Y claro, también para tener una opinión formada sobre los impuestos resulta crucial saber a qué gobierno se le pagan. Y lo que éste nos ofrece a cambio. A pesar de vivir en un país tan descentralizado como el nuestro, la inmensa mayoría de la ciudadanía continúa desconociendo qué administración mete la mano en su bolsillo para llevarse parte de su dinero en forma de impuestos. Quizás con el IRPF la transparencia en este sentido es algo mejor pero me pregunto si el lector sabe qué gobierno se lleva lo recaudado por IVA o por el impuesto especial de hidrocarburos, ambos tan de moda ahora. Y cuánta gente cree todavía que con las cuotas a la Seguridad Social se financia la sanidad.

Estos factores, de apariencia técnica pero reales como la vida misma, impiden responder con rapidez a la pregunta de si pagamos demasiados impuestos. Si quieren respuestas inmediatas, pregunten a nuestros políticos; las encontrarán de todos los colores y sabores.
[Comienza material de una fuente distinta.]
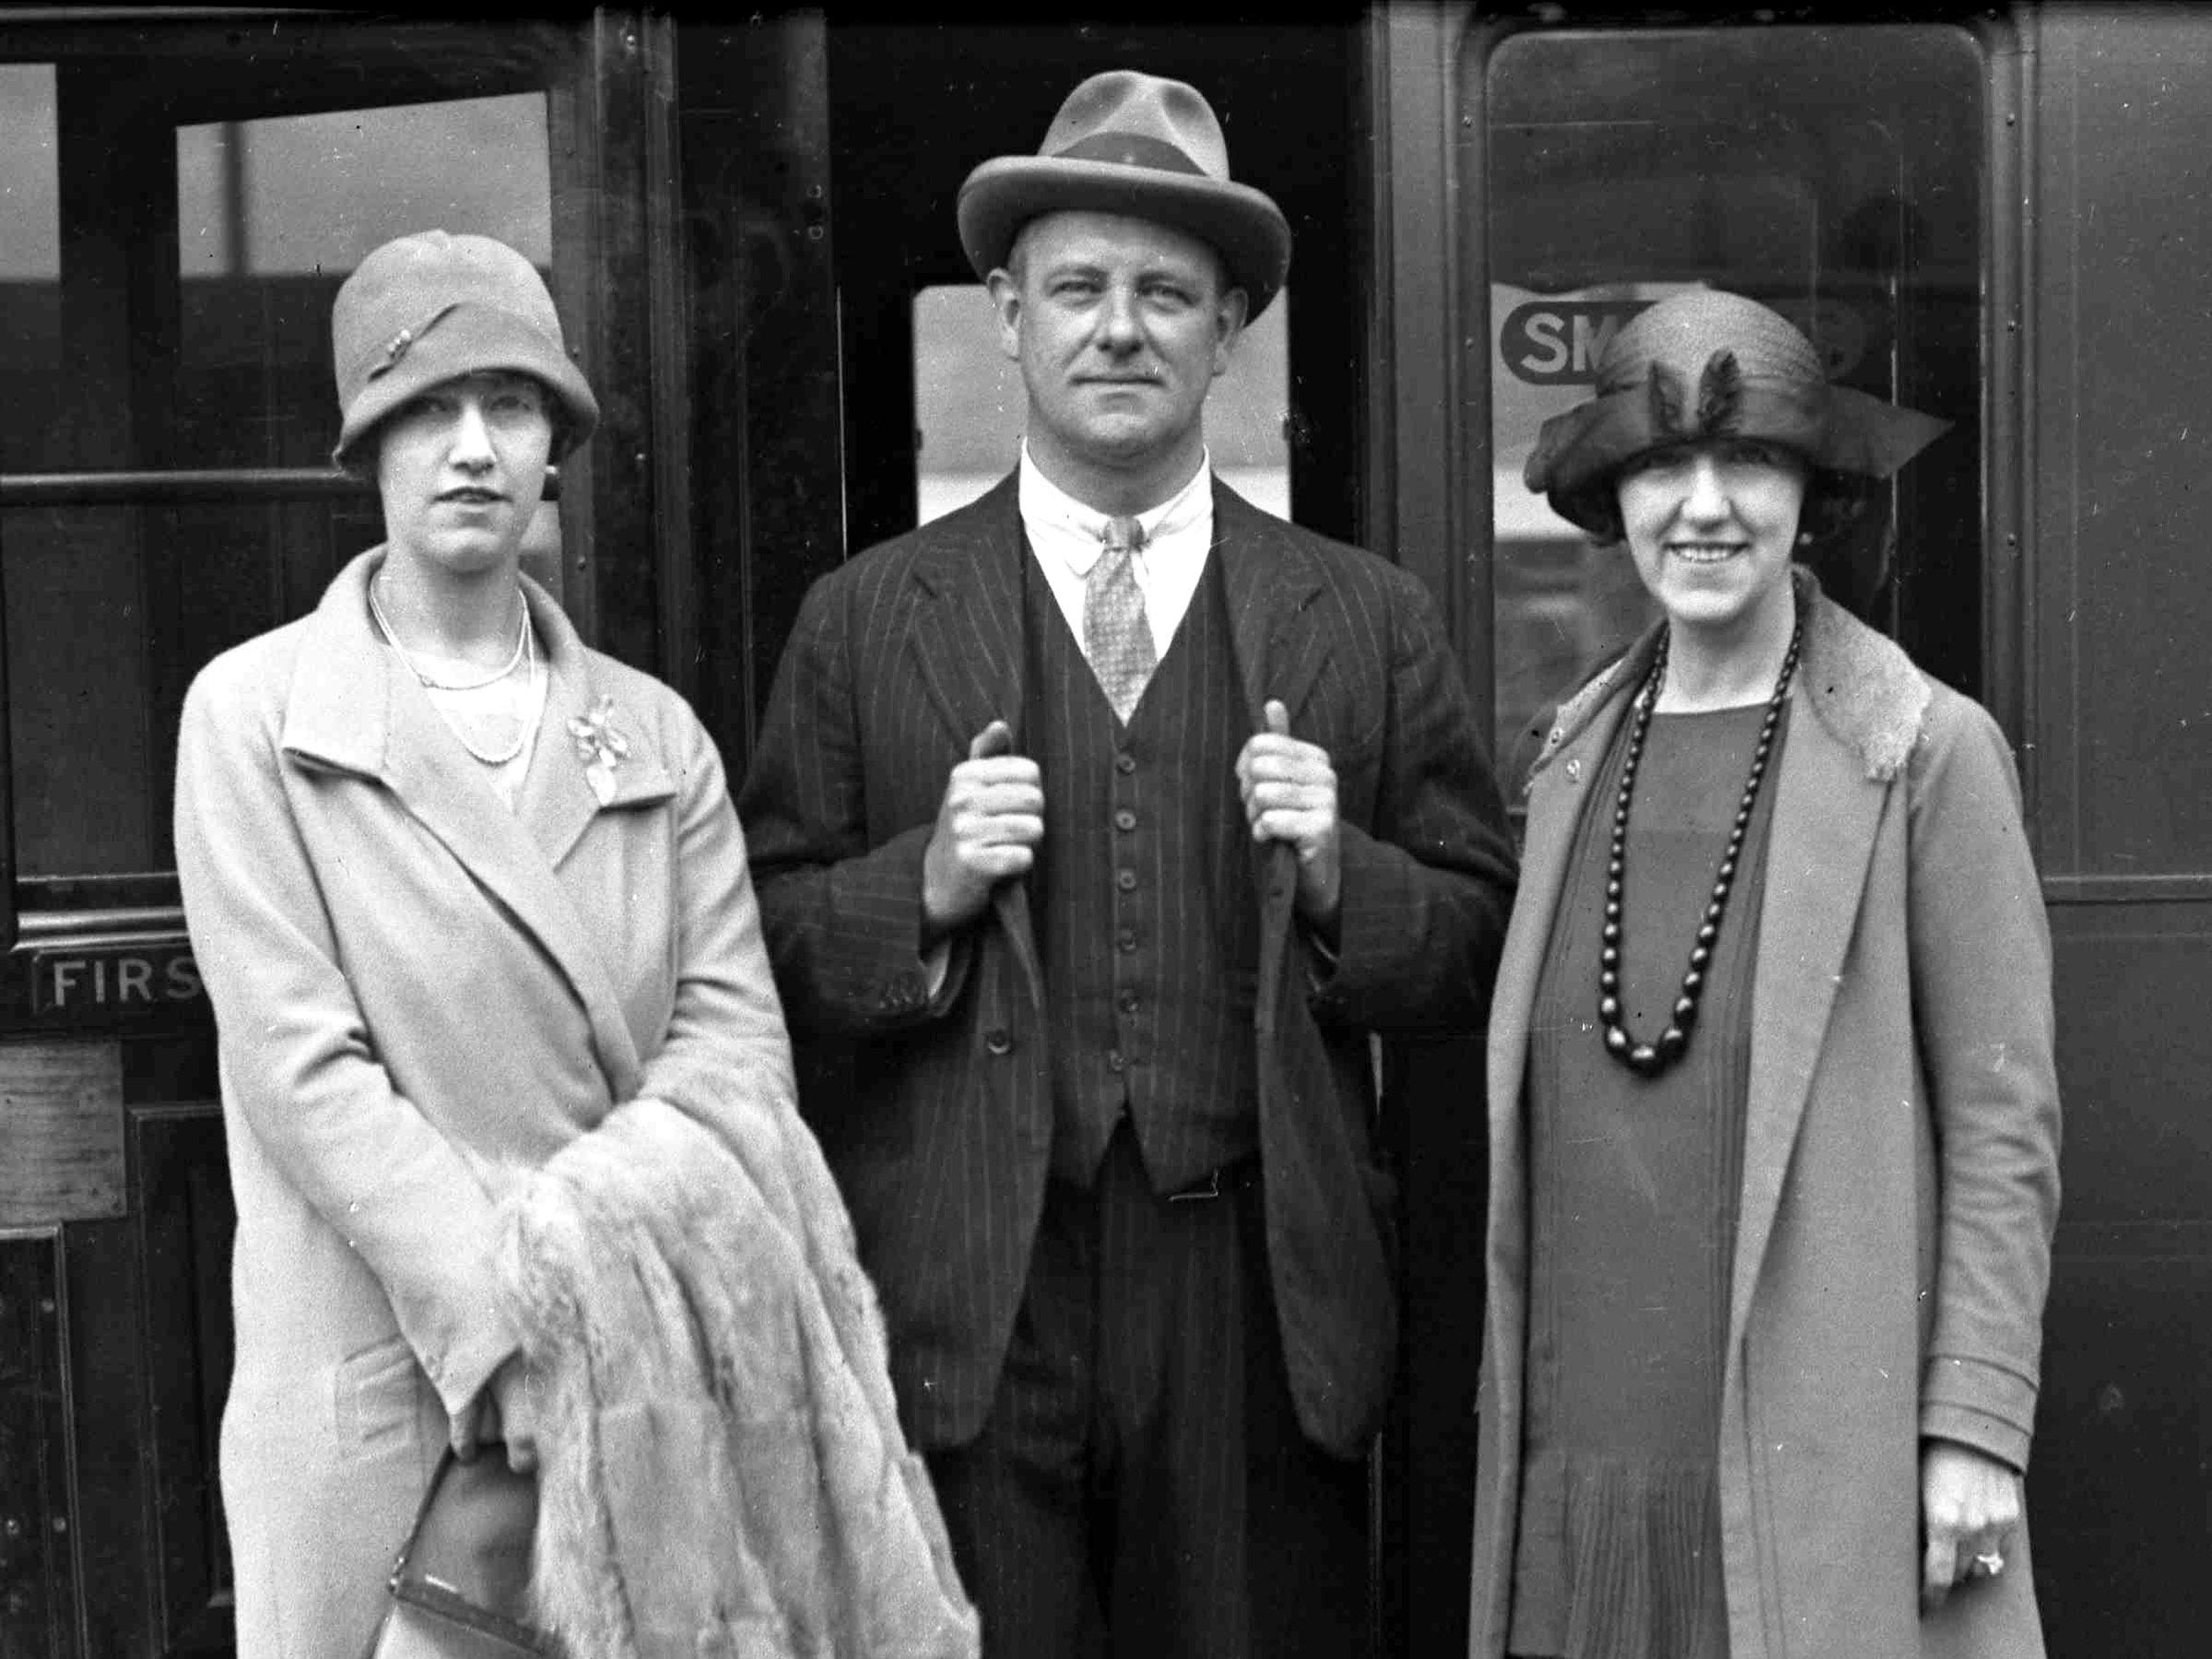 <p>British author P.G. Wodehouse was photographed leaving for a family vacation from Waterloo Station in London in 1929 wearing a three-piece pinstripe suit.</p>

Y es comprensible que así sea. Aunque algunos seres nos dedicamos a su estudio técnico, para la inmensa mayoría de la ciudadanía los impuestos son el molesto precio que debe pagarse por vivir en sociedad. Se agradece, por tanto, el que la clase política nos simplifique el trabajo de decidir. Pero eso no justifica, de ninguna de las maneras, que la simplicidad se traduzca en un insulto a la inteligencia, que a veces es lo que uno piensa al escuchar algunas declaraciones.